Integrated sampling addresses data imbalance by synthesizing or adjusting data distribution, enhancing the model’s ability to detect minority classes (vulnerable code). By synthesizing minority class samples through various oversampling methods and removing noisy samples via outlier detection, data quality is improved. This high-quality dataset allows the model to converge faster during training, reducing the number of training epochs.

The combination of multi-feature filtering and integrated sampling not only boosts model performance but also significantly reduces the training time. Multi-feature filtering lowers model complexity and computational demands, while integrated sampling optimizes data distribution, reducing the model’s reliance on large datasets. This synergy enables the model to achieve higher performance in fewer training epochs.

In practical applications, reducing the training time enhances model development efficiency, allowing developers to adjust model parameters and conduct experimental validations more quickly. This accelerates model development and deployment. The reduced training time also means less dependence on computational resources, lowering operational costs and making the model more suitable for resource-constrained environments. Additionally, by reducing feature dimensions and optimizing data distribution, the model not only trains faster but also improves its generalization ability, demonstrating higher robustness when faced with new, unseen data.
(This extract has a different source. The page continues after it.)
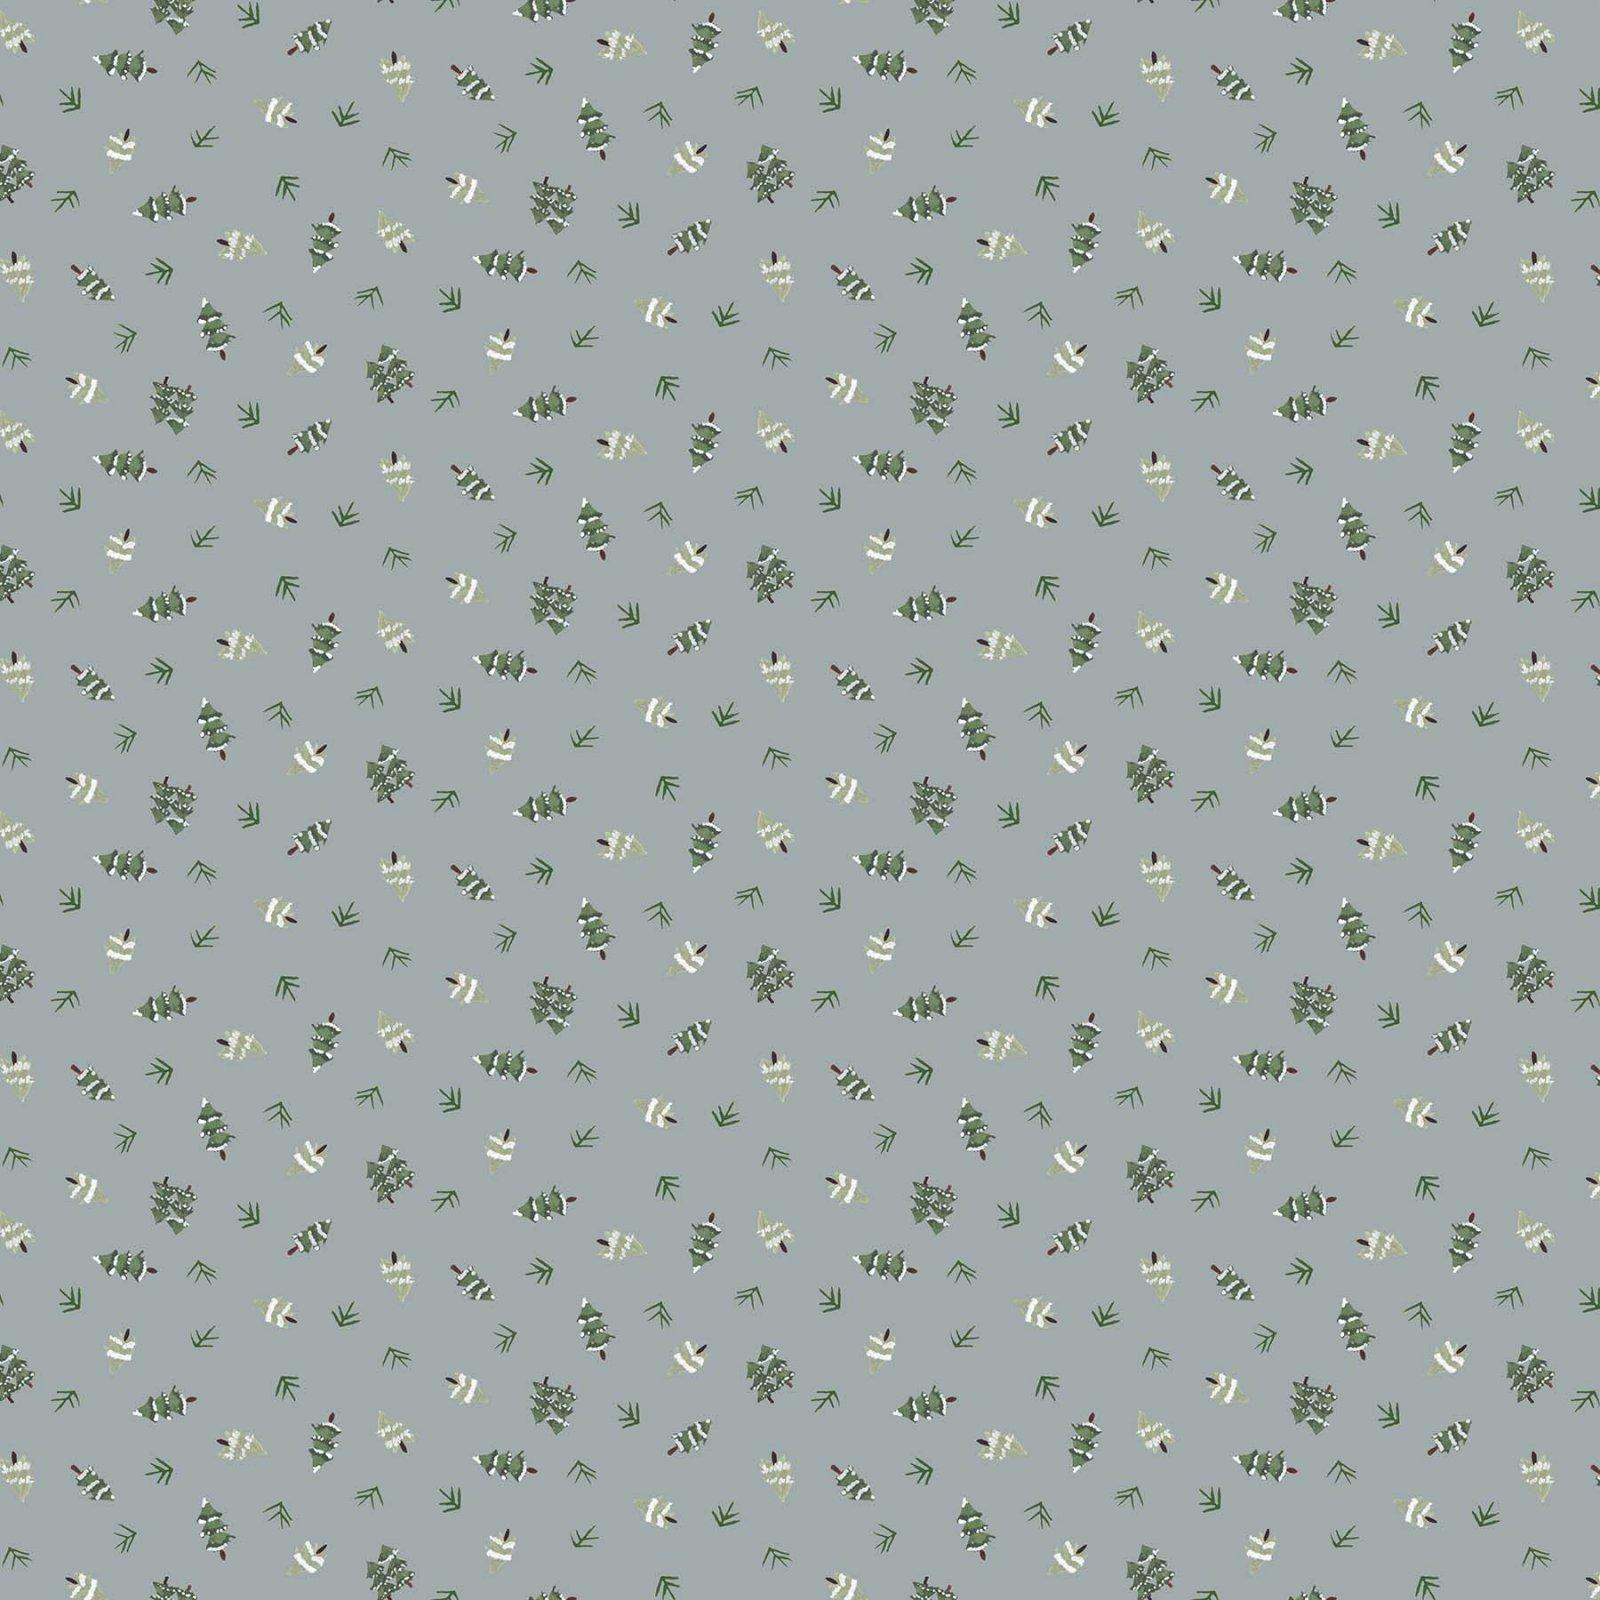 Winter Frost by Boccaccini Meadows for Figo Fabrics - Trees - Grey

In summary, through the synergistic effects of multi-feature filtering and integrated sampling, we have significantly enhanced model performance and drastically reduced the training time, providing strong support for efficient model development in practical applications.

Nonetheless, the model’s application efficacy necessitates further refinement. Presently, the exploration is confined to the intermediate representation of the AST, implying that the MFISM still has room for enhancement. Future efforts will focus on investigating additional graph structure representations to expand the model’s applicability.

Moreover, the current limitation to C/C++ structure types and the rudimentary classification-based vulnerability detection model restrict the detection of diverse application vulnerabilities across multiple programming languages. Future work will prioritize in-depth analyses of multi-classification vulnerability detection models, collaborative exploration with other vulnerability detection models across various programming languages, and a reduction in detection granularity to develop more precise detection methodologies.